## To do
Below are some entries. Transcribe the lines from the one holding "Walbeobachtung, Island, Husavik" to the one holding "Siku 3450 in", inclusive, but not the pictures among them.

## Records for this task
● ● ● ●
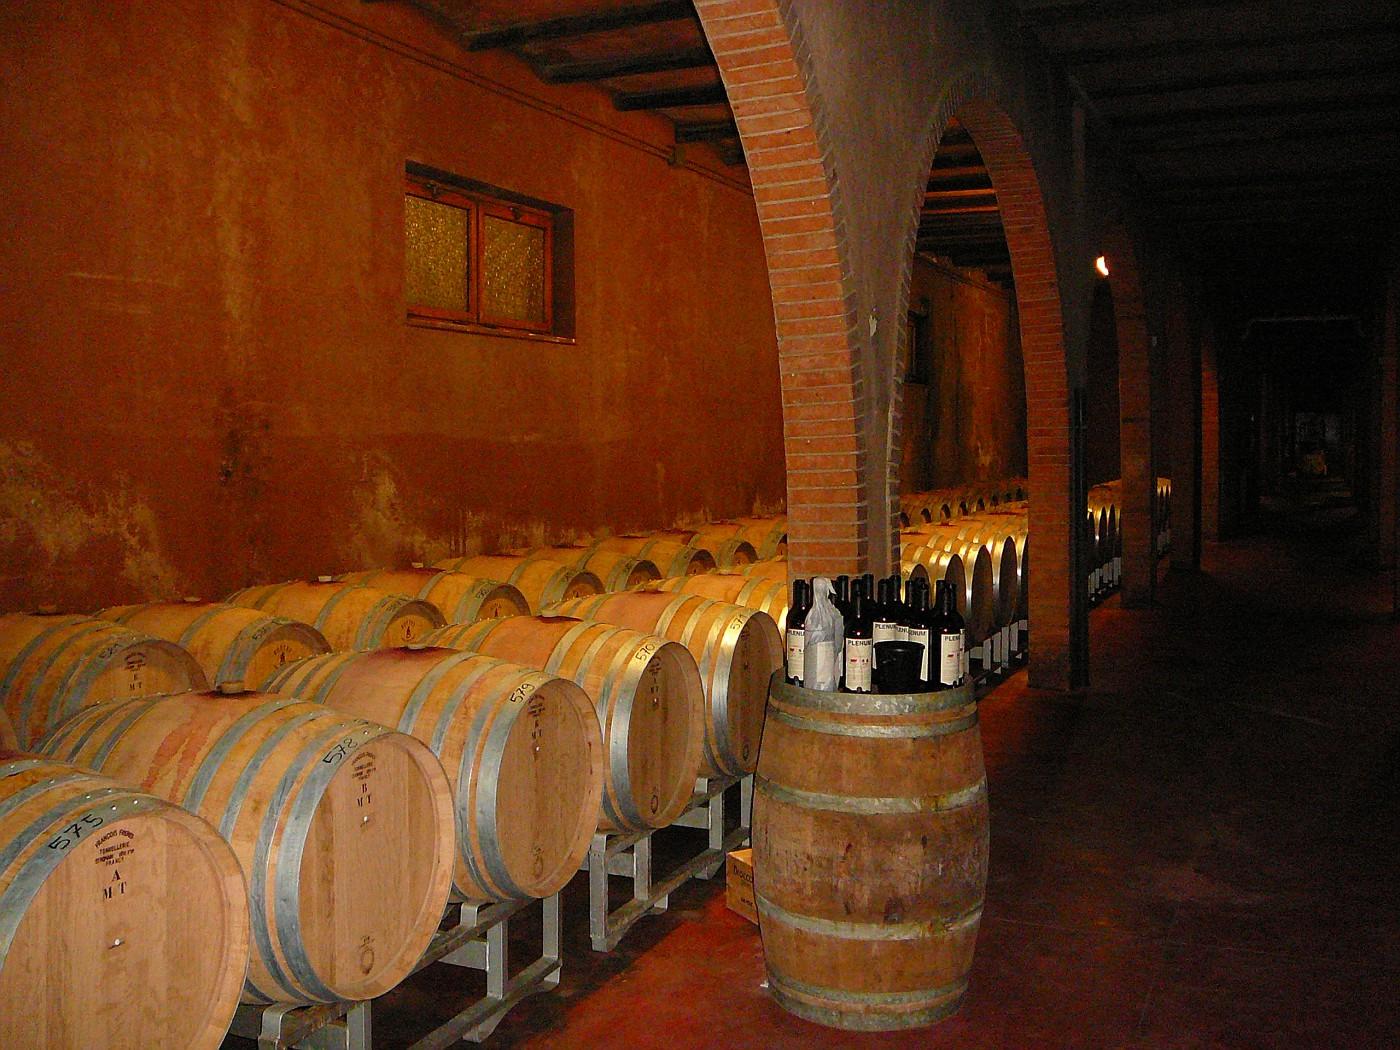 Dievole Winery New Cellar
● ● ● ●
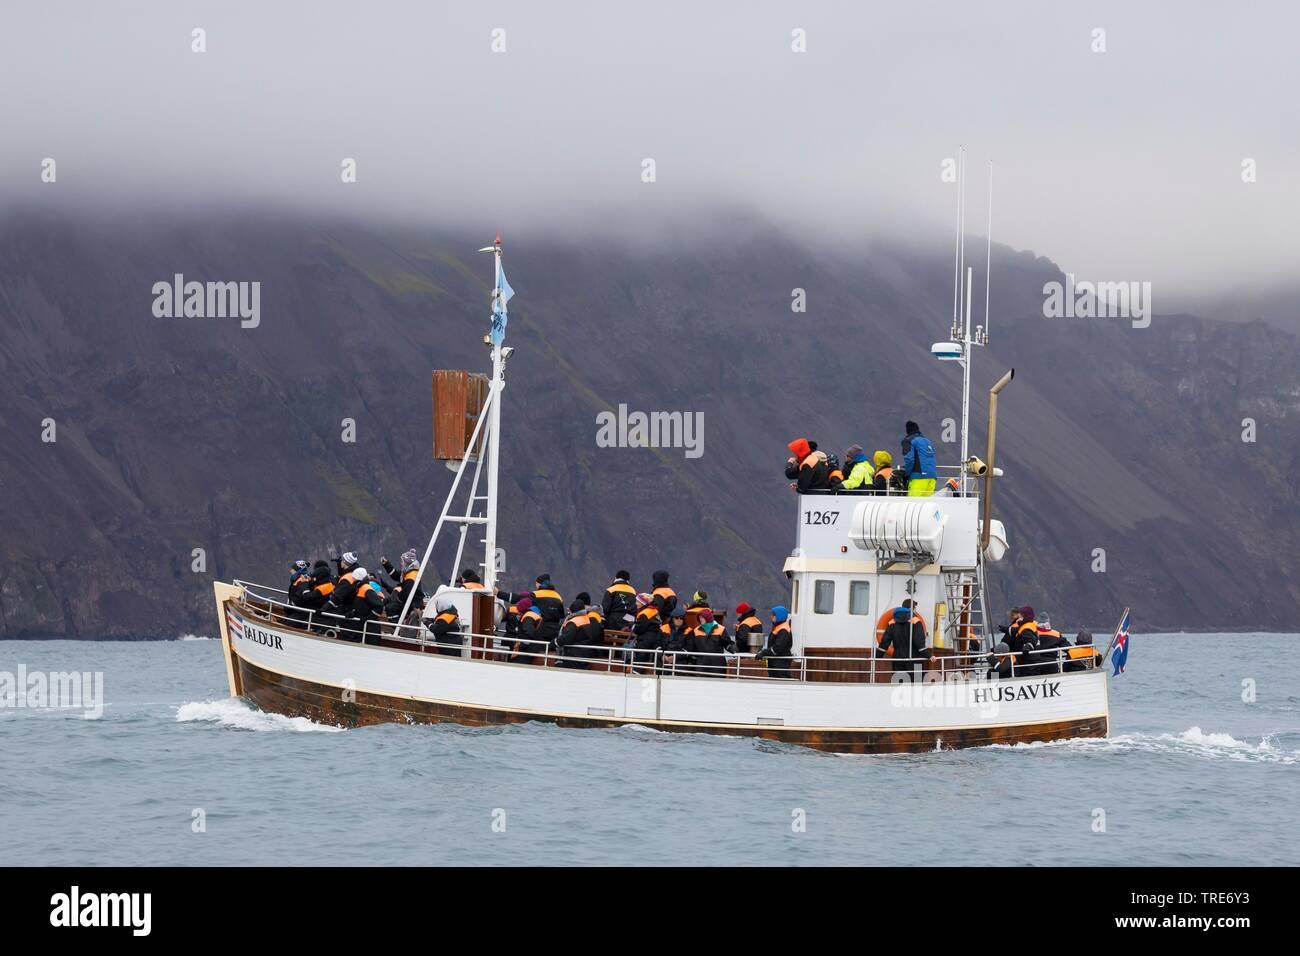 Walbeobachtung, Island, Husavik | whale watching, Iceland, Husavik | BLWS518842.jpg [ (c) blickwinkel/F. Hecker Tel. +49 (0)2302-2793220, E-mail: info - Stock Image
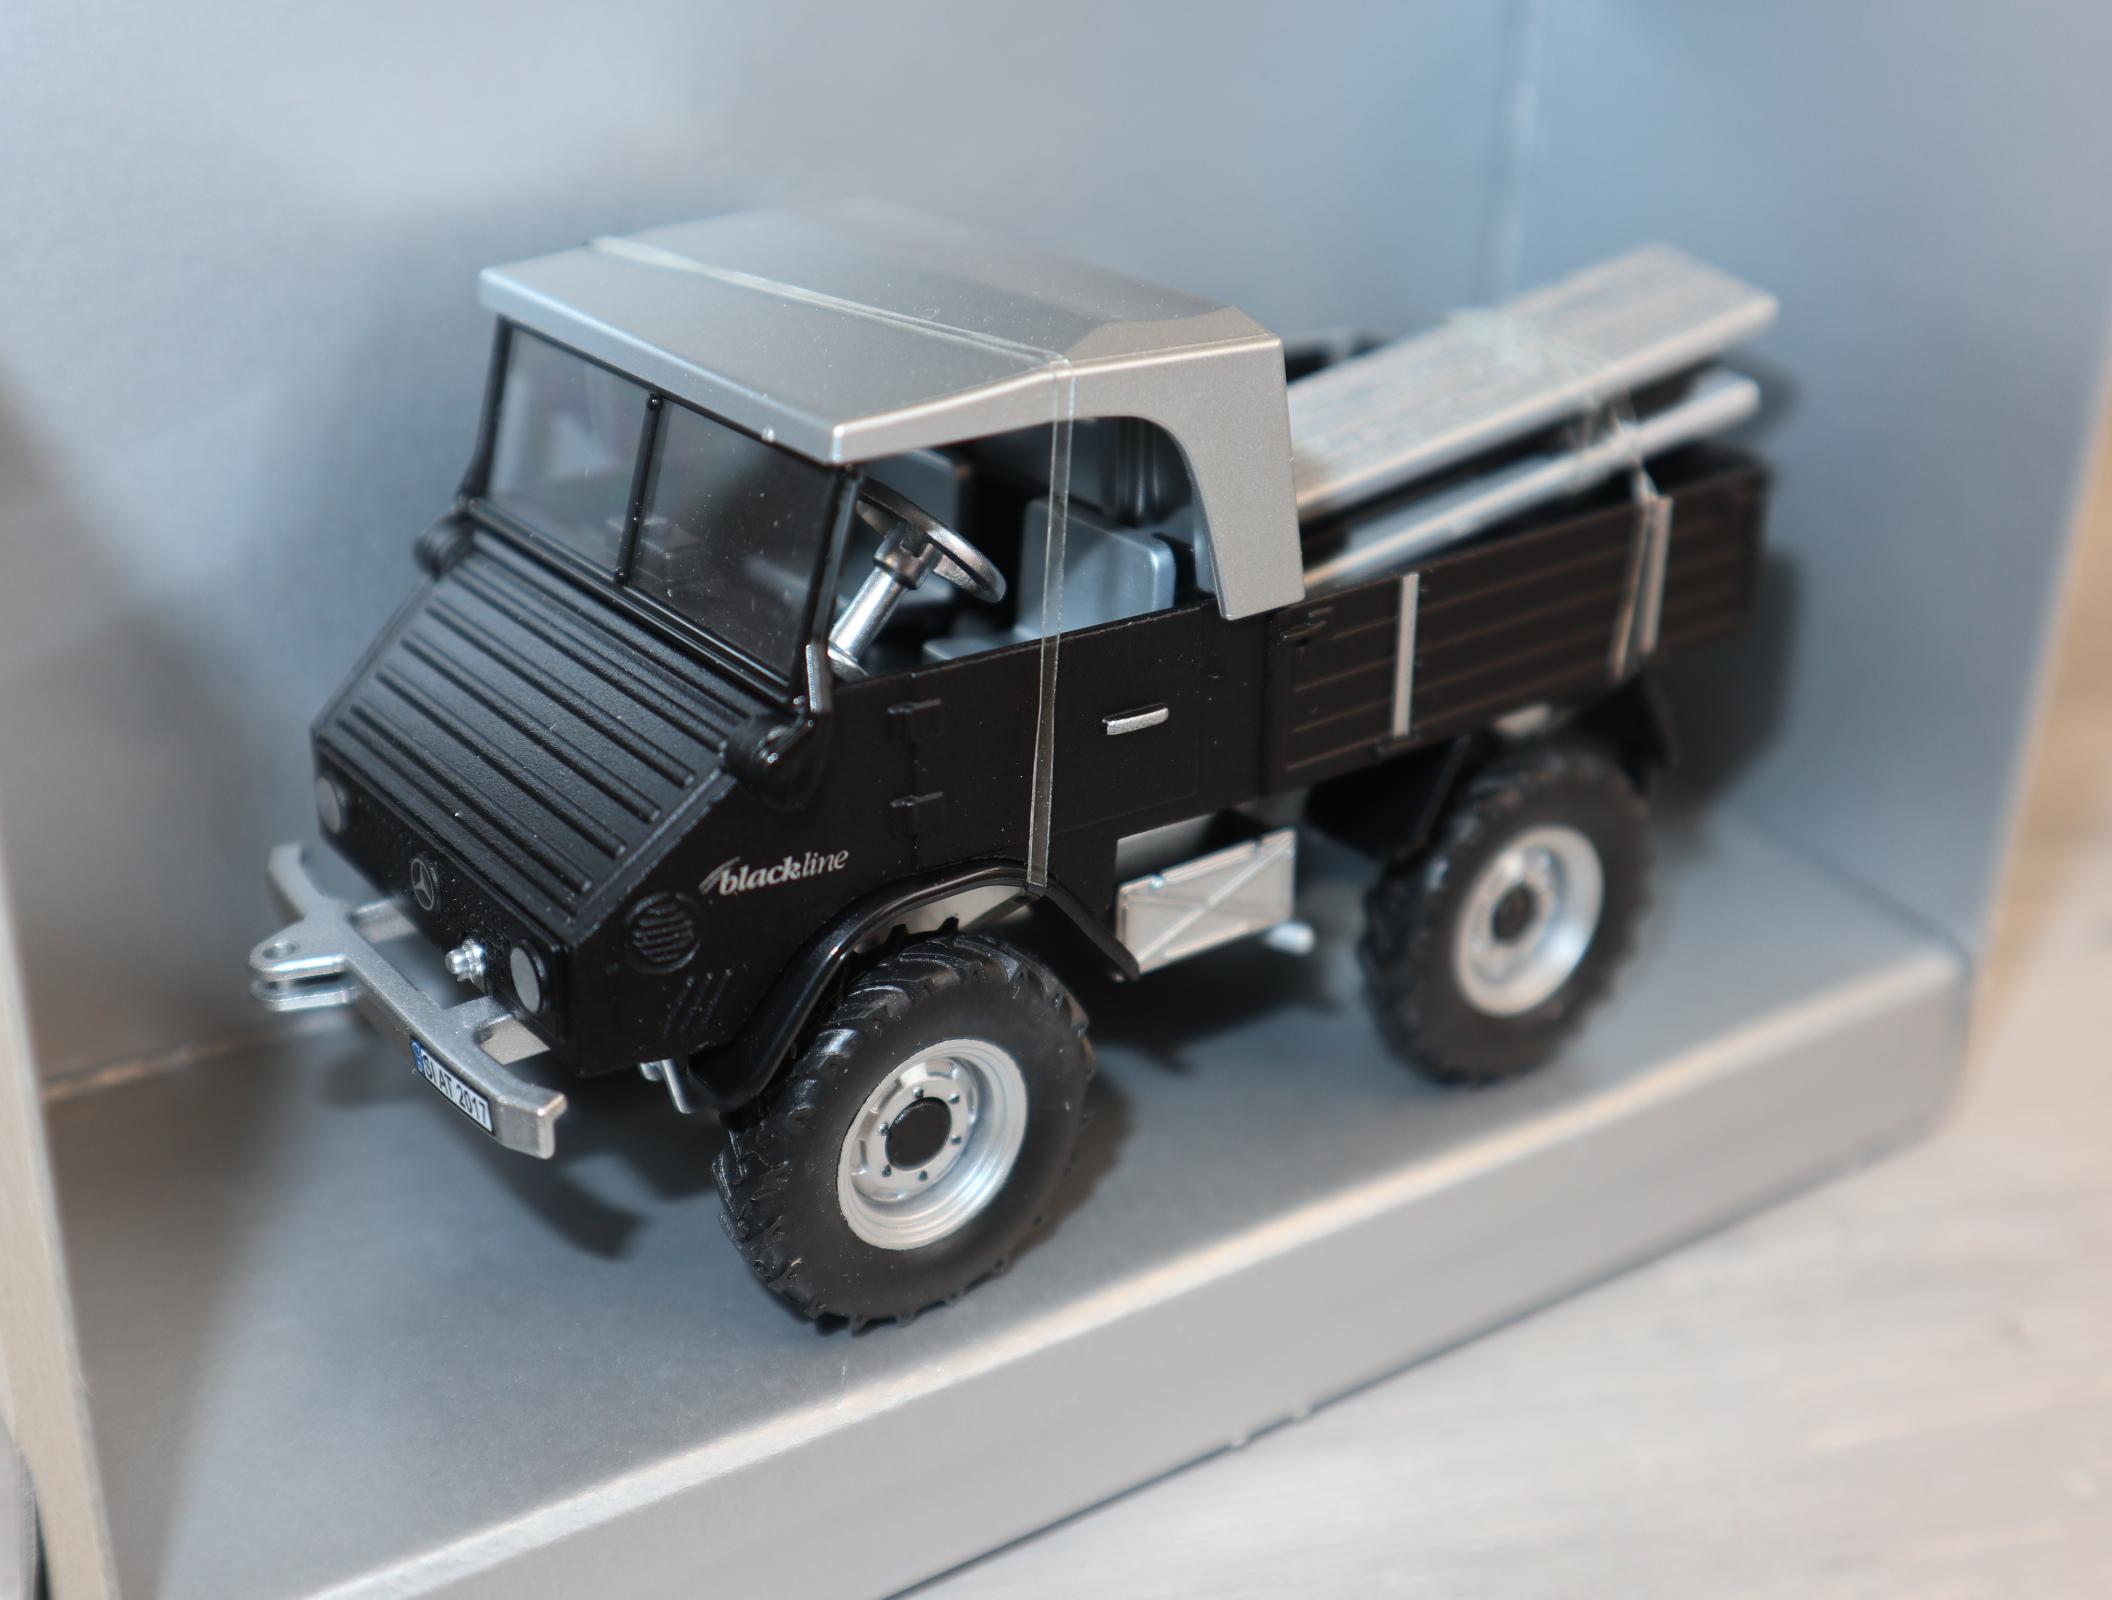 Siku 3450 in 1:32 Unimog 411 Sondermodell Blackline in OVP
● ● ● ●
## Task result
 Walbeobachtung, Island, Husavik | whale watching, Iceland, Husavik | BLWS518842.jpg [ (c) blickwinkel/F. Hecker Tel. +49 (0)2302-2793220, E-mail: info - Stock Image
 Siku 3450 in 1:32 Unimog 411 Sondermodell Blackline in OVP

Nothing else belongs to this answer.